From the author: "I have lost the photos that show the urine being examined; if I find them I will send them later."

 

 

Uroscopy: The Tinted Window of Medieval Medicine

by Sir Jaime Von Atzinger

 

Physicians of the middle ages operated in a precarious state.  They were highly trained, highly respected professionals tasked with fighting ills that were poorly understood with theoretical frameworks that were incomplete and rife with inaccuracy and they had at their disposal diagnostic tools that were imprecise and highly subjective.  They comprised a secular view of health at a time when the dominant intellectual institutions, and most of the population, viewed illness as divinely instituted punishment for sins.  Recovery was also, often, seen as the province of divine intervention rather than as a natural process that could be sped up or slowed by external forces.  Physicians suffered from wildly differing conceptual foundation.  By the tenth century training in anatomy was fairly advanced but understanding of physiology remained mired in magical misconceptions, superstition and ignorance.  From cadaver studies, before the church forbade human dissection, and from comparing animal anatomy, physicians had an impressively accurate view of the pieces at play and they had impressively advanced surgical skills[1].  They had no idea what was going on under the hood. For a relevant example, Galen, a first century follower of Hippocrates, correctly identifies that urine originates in the kidneys before being stored in the bladder but he incorrectly attributes the production to a kind of magnetic attraction and repulsion that each organ innately possessed[2]. To further highlight the confusion of this period the work where he states the above fallacy was written as a condemnation of a work by a byzantine physician who had correctly identified blood filtration as the role of the kidneys.

 

Medieval conceptions of health are based around sanguination, the digestion of food into blood, and the balance of the four humors.  Medievalist professor Ruth Harvey describes the concept of three part digestion in Life of Pee: The Story of How Urine Got Everywhere:

 

"They believed that the stomach was set above the liver like a cauldron over a fire and the food was cooked there until it turned into blood. The liver was in charge of the process, but if it failed to cook the food efficiently or over did the process or burned it, all kinds of dire internal consequences ensued."

 

A further breakdown of the process is as follows.  During the first digestion food is taken in, processed and absorbed in the stomach. For the second digestion the broken down food is drawn to the liver and metabolized into chyle, a kind of undifferentiated mass.  In the final digestion this chyle enters the heart and becomes blood.  This new blood is then cleansed of impurities and of the byproducts of digestion in the lungs, bowel, skin and kidneys.[3]  The process depends on forces that we would now call primitive magic.  Sir James Frazer noted, in his seminal work The Golden Bough, that pre-modern cultures tend to exhibit what he called magical thinking of two distinct types; sympathetic magic and contagious magic.  Sympathetic magic is when things that are similar have an innate interaction with each other.  In uroscopy, for example, the vessel which held the urine for examination was shaped like a bladder so that the precipitates would be suspended as they were in the body.[4] In the same way, the organs responsible for heat, primarily the liver, are also associated with fever.  This connection is paired with the contagious magical properties at work, which states that objects that come in contact continue to have a connection.  It is the process of contagion that makes urine an indicator of the overall health of the body.  According to Faith Wallis, a history professor writing for The Society for the Social History of Medicine, physicians from Rome to Byzantium looked to urine because

 

urine is a filtrate of the blood which is concocted in the liver from chyle.  During the process of sanguinification, additional moisture is added to the chyle from drink in order to make it 'subtle'.  This extra moisture is drawn off to the kidneys at the conclusion of the sanguinificaiton, and eliminated as urine.
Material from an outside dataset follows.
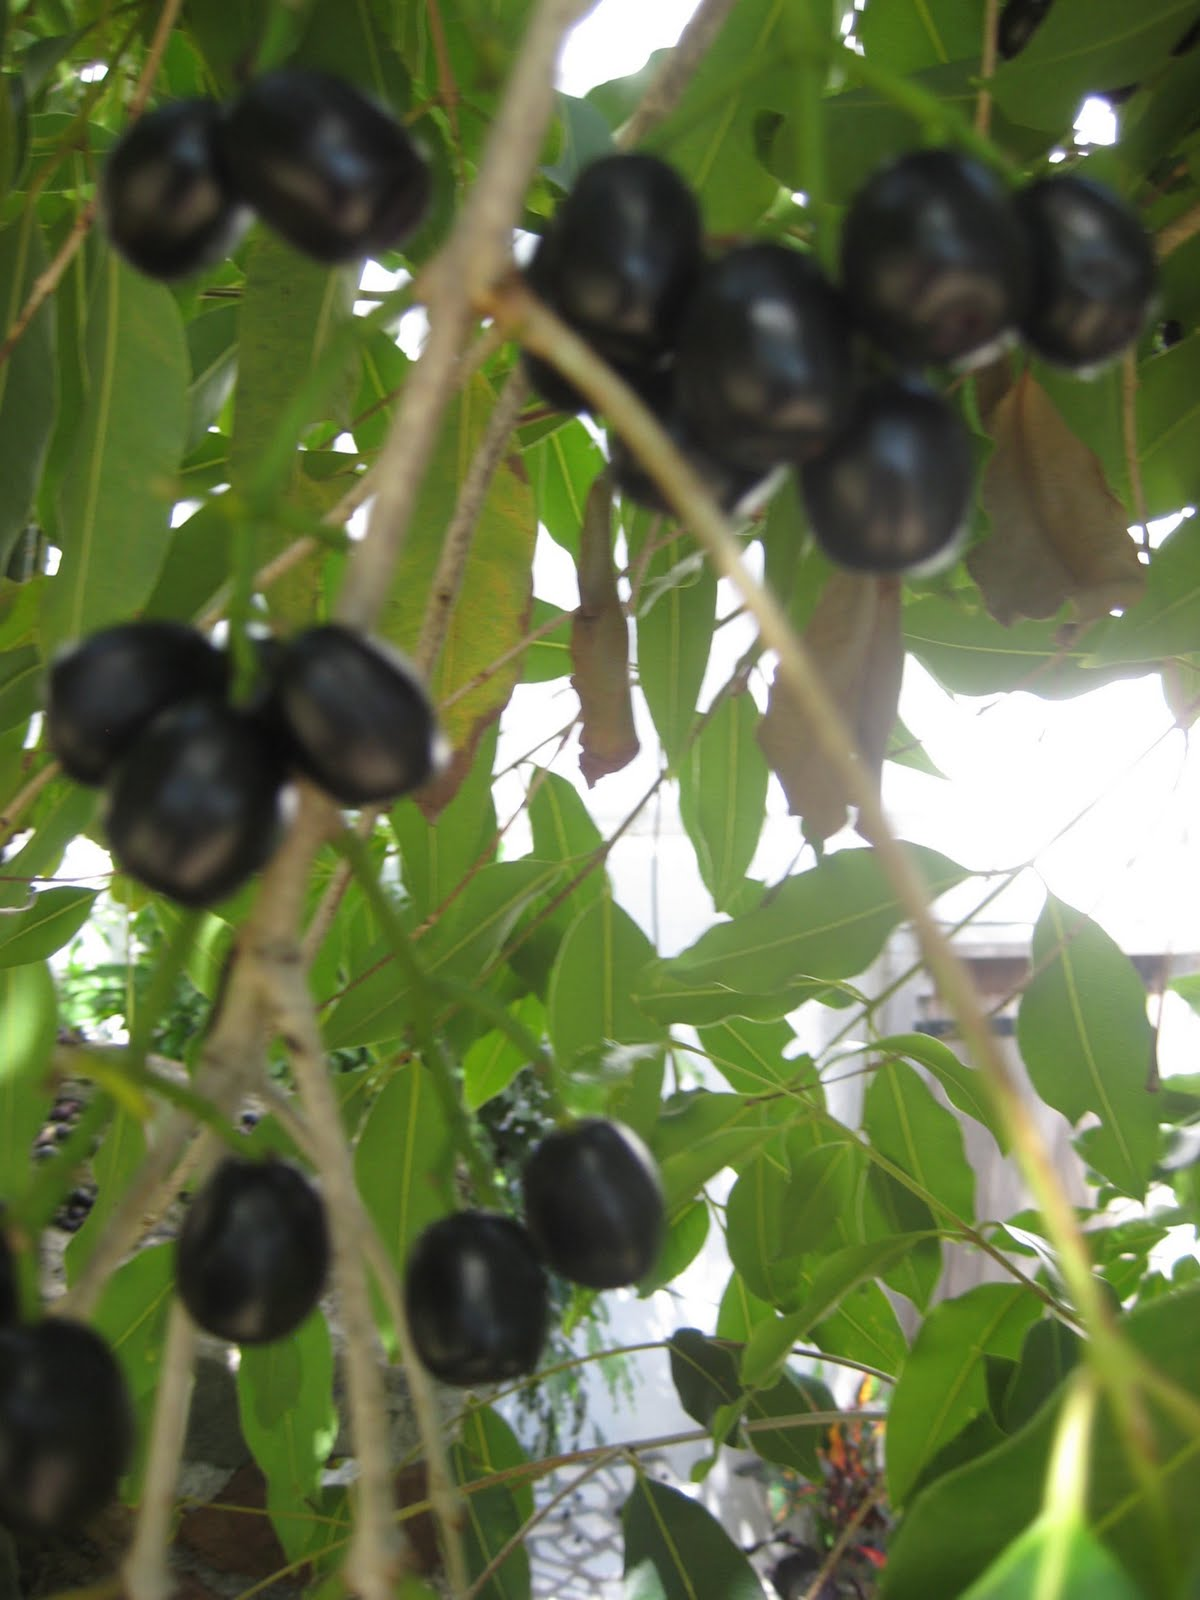 Wallpaper: Health Benefits of Jambul / Jamun (Syzygium Cumini)

None the less, it carries the imprint of the blood from which it is filtered.[5]

 

Even if the urine is 'pure', as in free from contaminates from the body, it will bear with it signs of the process of digestion.

 

What the urine revealed to the physician depended largely on what he was looking for. Hippocrates, who is called by many the father of medicine, looked to urine for its prognostic capabilities and indeed we see that being the main use for urine until the third and fourth century.  Hippocrates believed that toxic waste products of metabolism are excreted through the urine digested or undigested and because of that one can tell if the fat is melting, the flesh is being eaten or the bones are crumbling.[6]  Urine was a tool to determine how likely a patient was to recover more than a diagnostic tool.[7]  For many centuries its use in determining the underlying causes of dysfunction was limited mainly to disorders of the bladder and ureters.  In the third and fourth centuries physicians like Magnus Emesianus incorporated the four humors and began using urine to determine causes[8].  Emesianus provided one of the first comprehensive guides for what to examine.  He proscribed looking at color (white, pale, fire colored, fair, red, black), consistency of fluid  (thick, thin), the presence of shaped substances as suspension (smooth/non-smooth, normal/abnormal), as solid residue (like split chickpeas, like flower petals, like bran, like barley) or fluid residue (olive colored, olive hued, oily). It was not until the fifth century that Aetius, a Byzantine physician, connected urine to the four humors and began the practice of using urine as a diagnostic tool.[9]

 

Much of medieval medicine is based on the four humors. They are yellow bile (choler), blood, phlegm and black bile (melancholy). Each humor is associated with a natural element as well as body parts, seasons, temperatures, humidity, physical symptoms, and the list goes on.  For example phlegm is associated with water, it is considered a cold and wet humor that is stronger in the elderly and at winter.[10] Humors are generated during the digestion process when the blood gets to all the various places in the body.  The humors were then thought to flow back to the liver and then drain from the liver to different organs. The choler is concentrated in the gall bladder, the phlegm in the lungs, brain, joints, the melancholy in the spleen.[11]  In a translation of an anonymous work, unhelpfully titled De Urinis, we can see how the urine relates to the liver and the humors:

 

It should be known that urine is especially indicative of two things: either suffering of the liver and veins or of the bladder and kidneys. Among other things, urine is correctly considered to consist of three parts, that is, the color, the substance and the sediment. The color, the substance and the sediment have different origins. In the human body, there are four qualities: heat, cold, dryness and humidity. Two of them are the origin of the color, and two are the origin of the substance: heat renders urine colored, cold decreases urine's color; dryness attenuates the substance, humidity gives rise to a dense substance.

 

In a twofold relationship urine was said to be affected by the humors, such as when a hot humor darkens urine, and urine can be said to contain humors, such as when there are white clouds of phlegm in the specimen.  This combined with Magister Maurus' twelfth century proclamation, in another work titled De Urinis, that each strata of urine could be related to a particular zone of the human body, provided a substantial diagnostic framework.[12] Color, substance and sediment in the upper stratum indicates imbalance in the head; if it is in the second stratum, the parts affected are the heart and the lungs; the third stratum relates to intestinal infections, while the fourth stratum of the urine indicates genital disease or a disease of the bladder.

 

Uroscopy was considered to be one tool a physician used, among many including taking pulse and examining the environs and habits of his patients.  Practitioners who used uroscopy exclusively were denounced by medical schools and trained physicians as quacks.[13] Despite its superstitious and esoteric origins the practice of uroscopy continued to develop into more and more complex forms until it fell out of favor in the 1500s.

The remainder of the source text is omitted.